Love – That Wonderful “Thing” – If You Will Let It Be
Isn’t Love a wonderful thing? Or in some cases the “Idea” of Love or “Falling” in Love?
- “Love is the one thing that will fill your heart with feelings so incredible that you experience Utopia, but will also shred your heart into pieces when Love doesn’t go the way you intended.” ~ BK
Intended, now that is an interesting word. If you intended to do something, then you missed the opportunity to do it. I know. It is a common communication phrase. I get it. You didn’t “intend” for me to interpret what you meant the way I interpreted it. What? See, intentions are confusing, because they are not clear actions.
How often have you said this? “Well, I intended to [fill in the blank]”. Unfortunately, intentions are empty actions. By the mere definitions of the words, it is clear that intent, intentions, intended and intending describe a state that one cannot be held accountable too, a course, and a next step, the future if you will, and does not deal with the NOW. Some see intentions as dreams, or a loose future plan, a way that things will eventually be done, a future action if you will. I actually see intentions as false actions, a lack of comfort, a way of not dealing with what is in front of you. What is your plan of action is not the same as what are your intentions. Which gives you more comfort? I intend to talk more about this later; or, I will talk more about this later?
Ok, back to my statement about Love being a wonderful thing. It CAN be a wonderful thing if you allow it to be a wonderful thing. Too many times I have rushed into a relationship because of the euphoria that the idea of Love brings. That rush of blood through your body, the excitement of the unknown, the anticipation of what is to come is almost too much to handle! It is going to be great! We are in Love! She gets me! He gets me! Most likely some of these statements have come from your mouth when you are telling your closest friend about your new Love. However, do you ever ask yourself these questions when you are first entering into a relationship? ”When will I let him or her down”? Or “What will he or she think of me when I let them down”? Most likely you have not. But wait! Aren’t those the defining times in a relationship? The times when you trip up and need to be forgiven? Or when the person that you Love trips up and needs to be forgiven? Wouldn’t it be nice to know the answers BEFORE it happens? Instead we dive right in and start riding the euphoria wave until that wave eventually runs aground. What happens when that euphoria wave suddenly ends because of something you did or didn’t do? It’s usually not good! Remember? I already told you Love has two parts. The two parts are in the indented sentence from above.

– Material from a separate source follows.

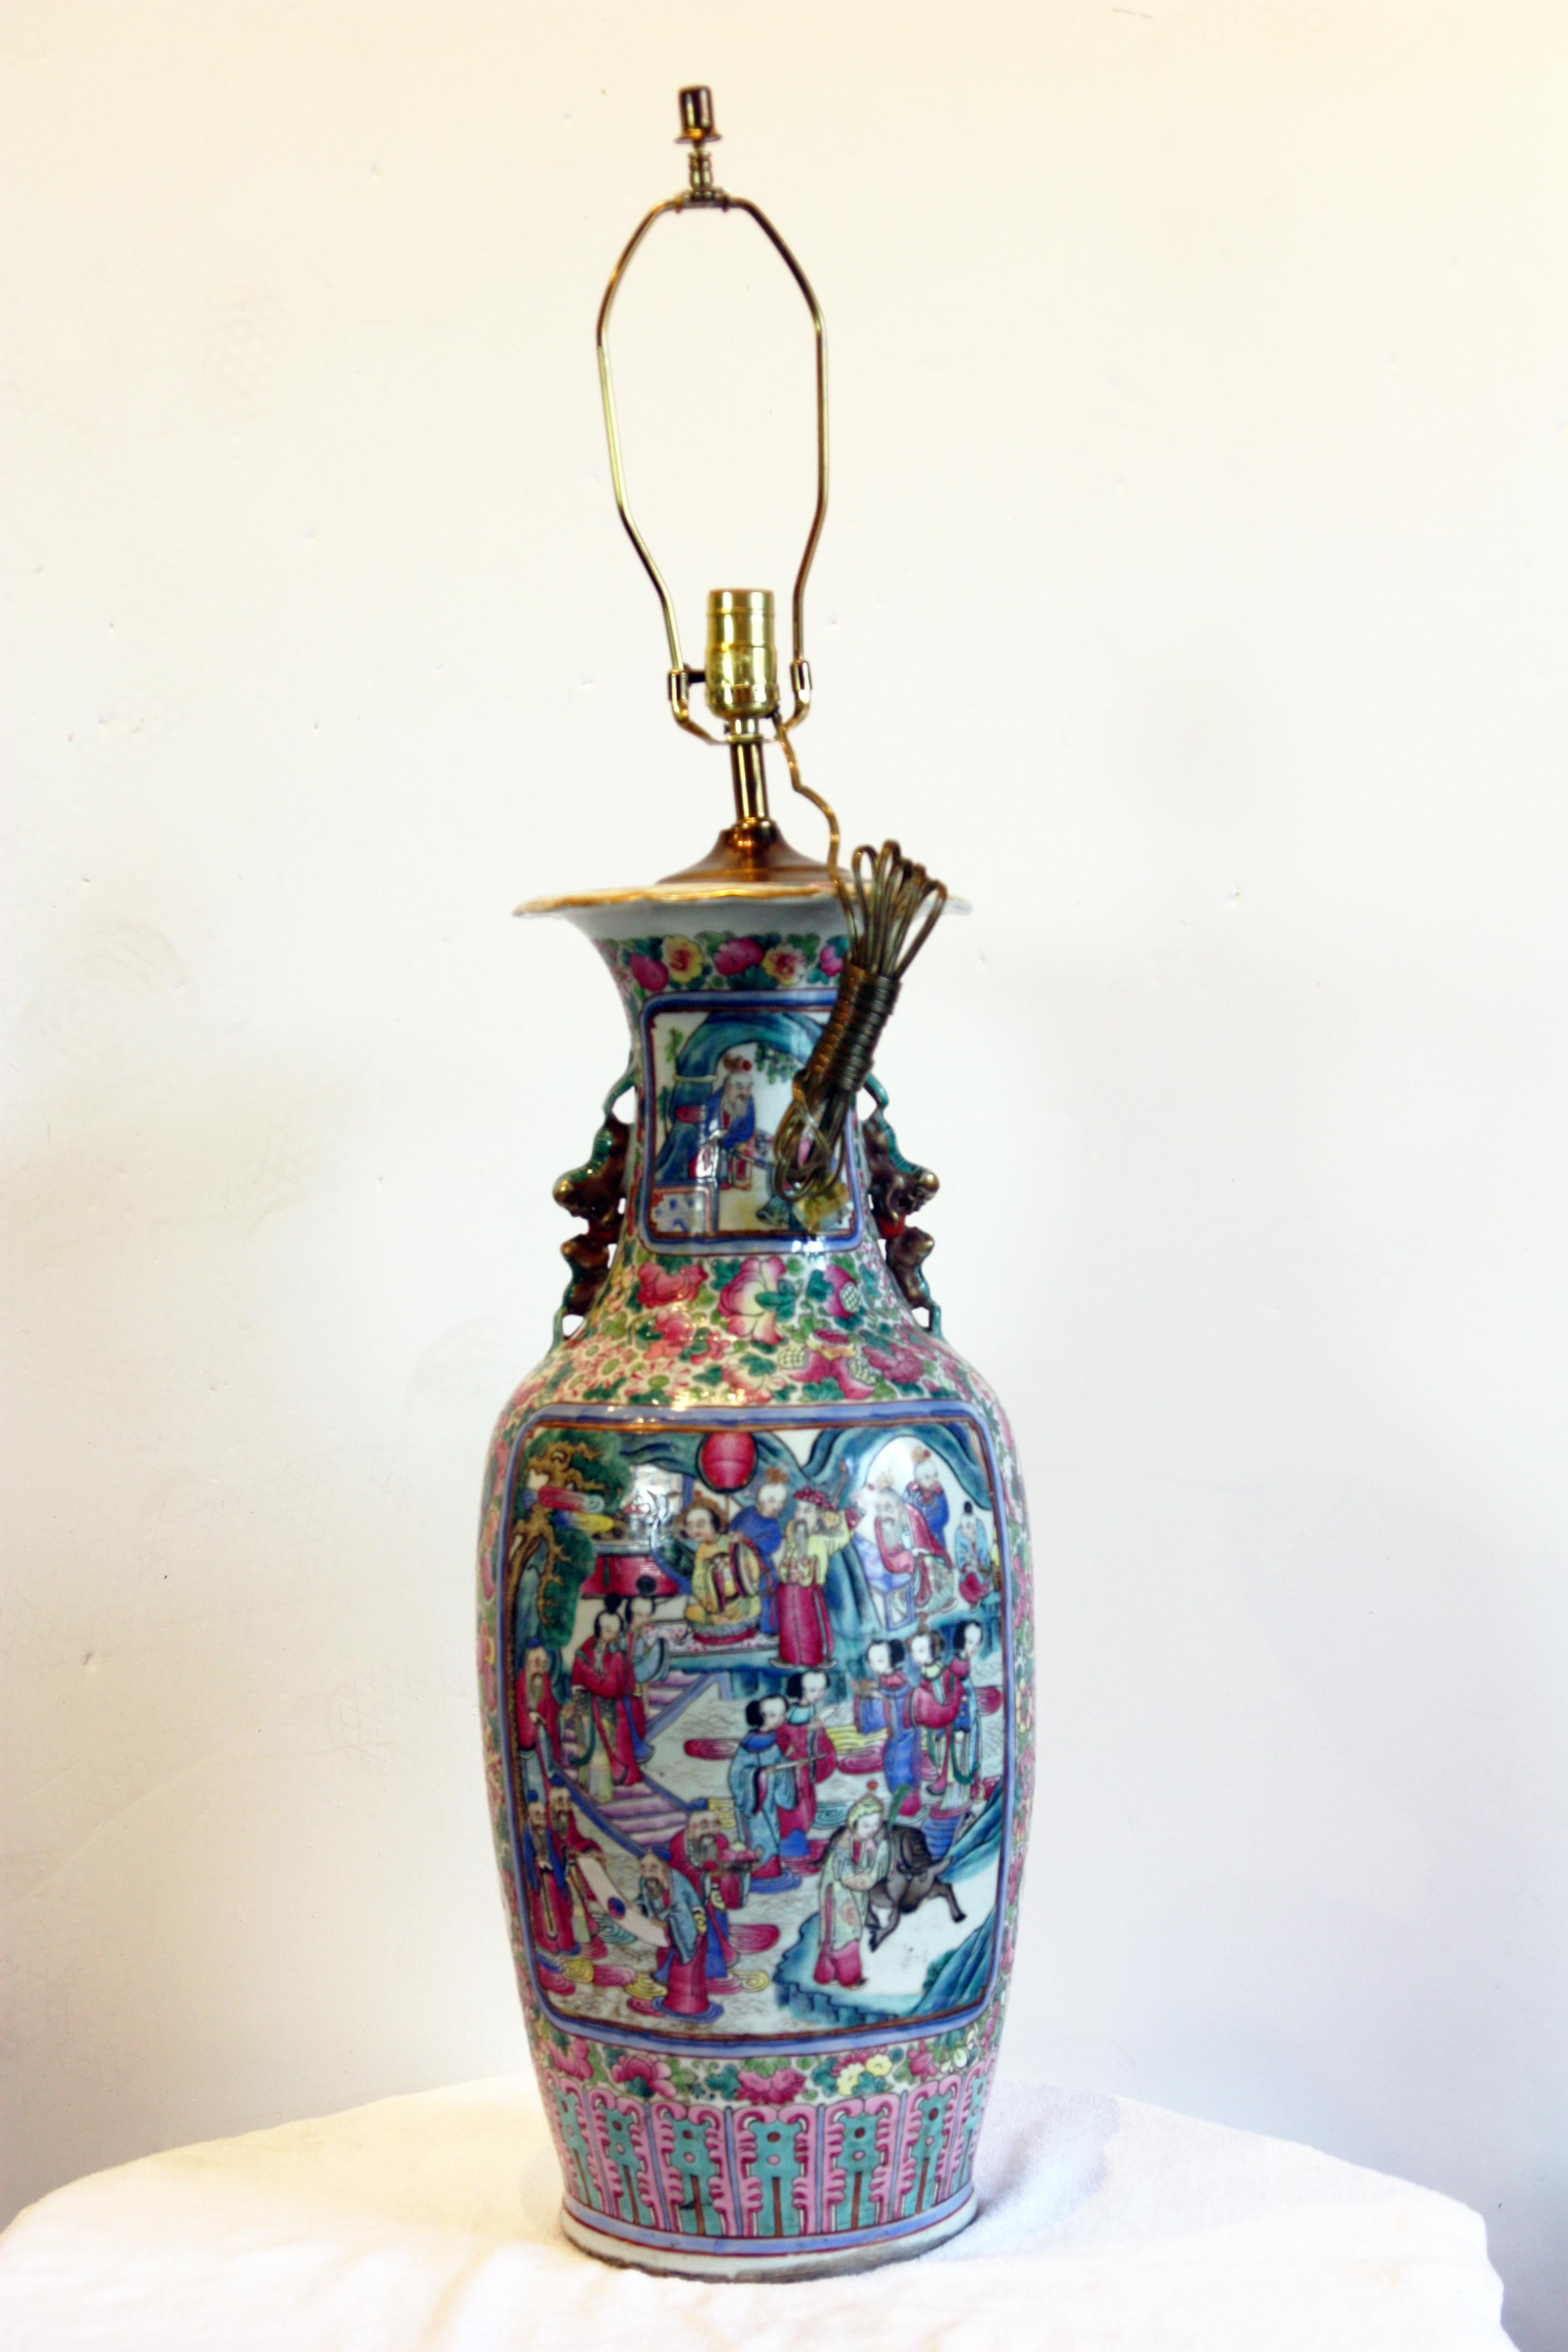 Large, beautifully hand-painted vase lamp. Royal scenes, foo dogs, gardens and flowers adorn the piece. Cat handles on the neck of the vase. Shade not included.

- “Love is the one thing that WILL fill your heart with feelings so incredible that you experience Utopia, BUT WILL also shred your heart into pieces when Love doesn’t go the way you intended”. ~ BK
We typically don’t even think about Love going wrong because we are programmed with the idea that Love is a Perfect Love. And, it is because we don’t think about both sides that cause more relationships to end early on, and usually badly. Think about it. He will mess up! She will mess up! Both of you will mess up! But we don’t think about that. We only think about the good because we are euphoria junkies!
Why do I know this? Because I have done it! I have done it quite often and until I sat down and started to write about this, I am sure I would have done it again. But I am smarter now. I am now armed with the knowledge that Love DEFINITELY will AND will not go the way I intended. As much as I downplayed intentions earlier, intentions are the one thing that actually makes sense in relationships, provided they are good intentions. You can’t plan Love. You have to let it happen. You set good intentions for the relationship and take actions that align with those intentions. But, I also now know that I need to think about how I better handle both sides of a relationship, from the start of the relationship. I need to know and my partner needs to know what I am willing to compromise about. Where will I draw the line when it comes to my morals and values? How will I handle being let down? How will I handle letting someone down? Since we are all individuals, there is no right or wrong answer. The only person that cares about your answer is the person that you Love and it should be talked about from the very beginning.
If you are in a new relationship, talk about it. Read this together and help each other define the answers. If you are in it together, then be in it together from the start. If you are going through a hard time with someone, sit down and talk about actions, not intentions. If they don’t know that you Love them, tell them. If you have told them you Love them, tell them you Love them again. Remember: Love IS a Wonderful “Thing”, if you will let it be. ~ BK ~ Sharing Life Experiences 1 by 1.